De voorzieningenrechter stelt voorop dat de voorlopige voorzieningenprocedure is bedoeld om in afwachting van de uitkomst van een bezwaar- of beroepsprocedure een voorlopige maatregel te treffen. Daarom speelt bij de beoordeling van een verzoek om voorlopige voorziening de spoedeisendheid een belangrijke rol.
2. De griffier heeft bij brief van 30 juli 2021 aan verzoekster gevraagd het spoedeisend belang nader toe te lichten. Met haar brief van 5 augustus 2021 heeft verzoekster inzicht gegeven in haar financiële situatie.
3. Uit de brief en de bijgevoegde bankafschriften blijkt dat verzoekster maandelijks € 1.304,69 aan inkomsten heeft en dat haar totale vaste lasten € 925,39 bedragen. Dit betekent dat verzoekster een bedrag van € 379,30 per maand over heeft om van te leven.

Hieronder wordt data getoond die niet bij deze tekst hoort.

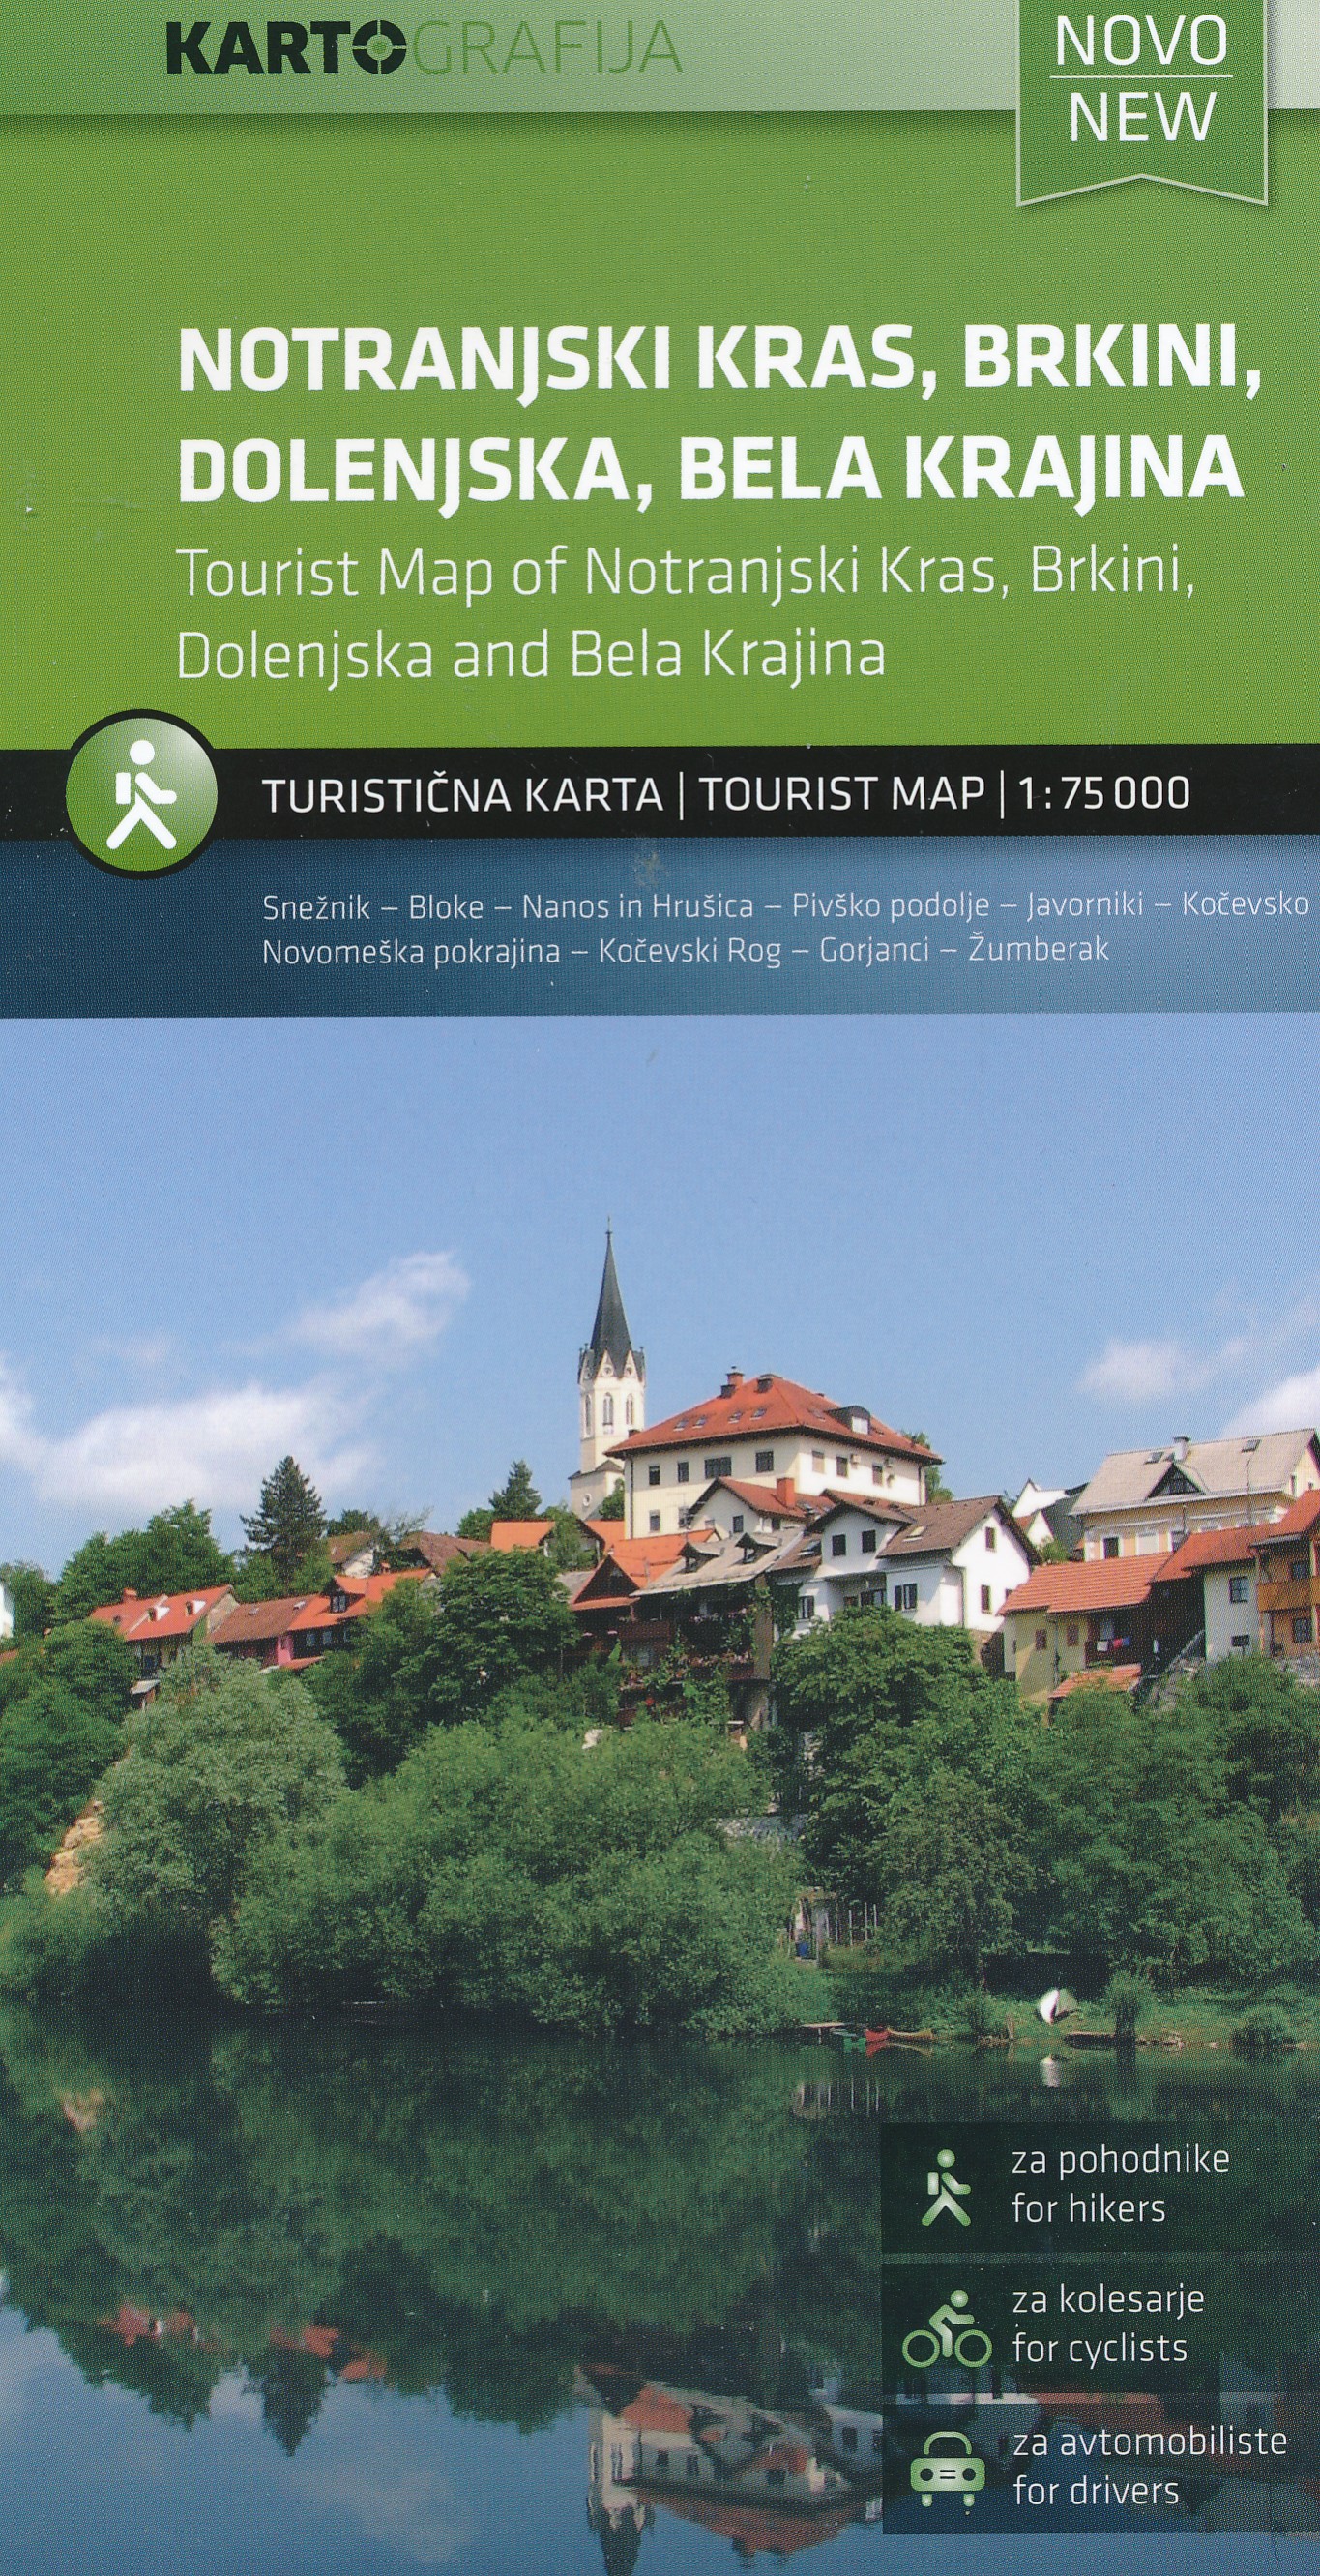 Online bestellen: Fietskaart - Wegenkaart - landkaart Notranjski kras, Brkini, Dolenjska, Bela krajina - Slovenie | Kartografija

Haar actuele banksaldo bedraagt € 253,24.
De voorzieningenrechter is van oordeel dat met een dergelijk bedrag van € 379,30 per maand om van te leven en een kleine buffer van € 253,24 niet gesproken kan worden van een financiële noodsituatie. Ook als verzoekster gevolgd zou moeten worden in haar stelling dat zij meer dan gemiddeld uitgeeft dan wel uit dient te geven aan voeding, kan niet met recht gesteld worden dat er sprake is van financiële nood. Ten overvloede overweegt de rechtbank dat verzoekster op 13 juli 2021 nog een bedrag van € 520,00 aan contant geld heeft opgenomen bij de geldautomaat. Nu in de brief niet is aangegeven wat er met dit geld is gebeurd, houdt de voorzieningenrechter het ervoor dat het voor levensonderhoud kan worden aangewend.
4. De voorzieningenrechter is dan ook van oordeel dat onvoldoende is gebleken dat er sprake is van een spoedeisend belang. Het verzoek tot het treffen van een voorlopige voorziening zal daarom worden afgewezen.

Beslissing

De voorzieningenrechter wijst het verzoek om voorlopige voorziening af.
Deze uitspraak is gedaan door mr. C.E.M. Marsé, voorzieningenrechter, in aanwezigheid van mr. A.J.J. Sterks, griffier, op 12 augustus 2021 en openbaar gemaakt door middel van geanonimiseerde publicatie op www.rechtspraak.nl.
griffier voorzieningenrechter
Afschrift verzonden aan partijen op:

Rechtsmiddel

Tegen deze uitspraak staat geen rechtsmiddel open.